Rechtsmiddelen – Verzet – Burgerlijke en handelszaken – Sociale zaken

In het arrest nr. 52/2020 van 23 april 2020 oordeelt het Grondwettelijk Hof dat art. 1047, eerste lid Ger.W. geen schending inhoudt van de artt. 10 en 11 Gw. in zoverre schuldeisers en schuldenaars in burgerlijke en handelszaken voor sommige schuldvorderingen verzet kunnen doen, terwijl schuldeisers en schuldenaars in sociale zaken zijn uitgesloten van de mogelijkheid om verzet te doen. De reden van de onmogelijkheid voor de schuldeiser of de schuldenaar, in sociale zaken, om verzet te doen tegen een door de arbeidsrechtbank gewezen verstekvonnis, is de mogelijkheid die voor hem openstaat om tegen dat vonnis hoger beroep in te stellen.
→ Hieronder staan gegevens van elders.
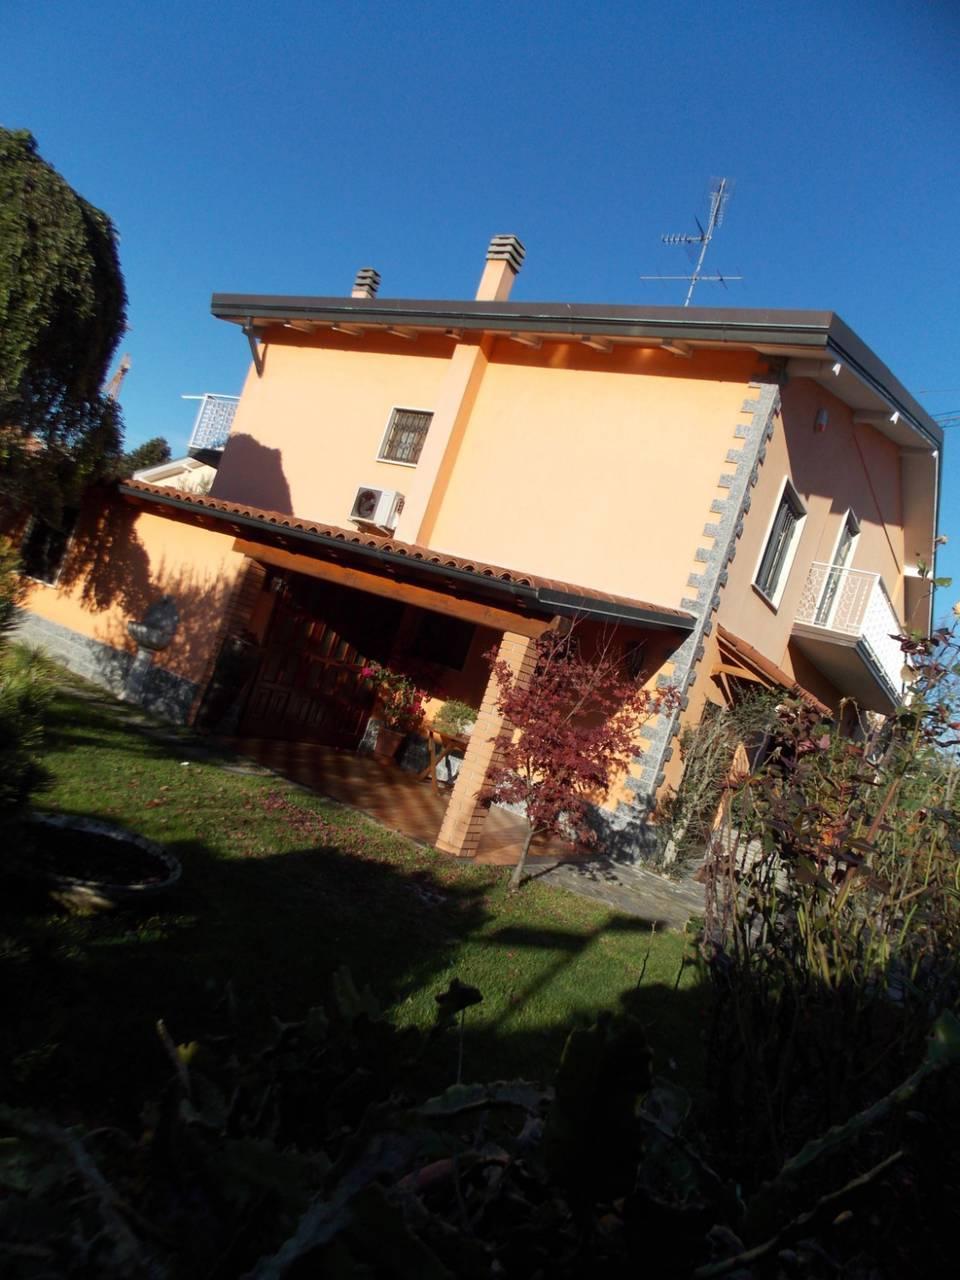 Villa-a-San-Giuliano-Milanese-in-Sesto-Ulteriano-6

Die laatste mogelijkheid bestaat niet voor alle schuldvorderingen in burgerlijke en handelszaken. Het is niet zonder redelijke verantwoording dat de wetgever de mogelijkheid om tegen een verstekvonnis verzet te doen, heeft voorbehouden voor de vonnissen die in laatste aanleg zijn gewezen. In geval van verzet kan een debat op tegenspraak plaatshebben, waarna de rechter een nieuwe beslissing kan nemen. Voor het overige is, in sociale zaken, het verzet nog steeds mogelijk in geval van een bij verstek gewezen arrest van het arbeidshof.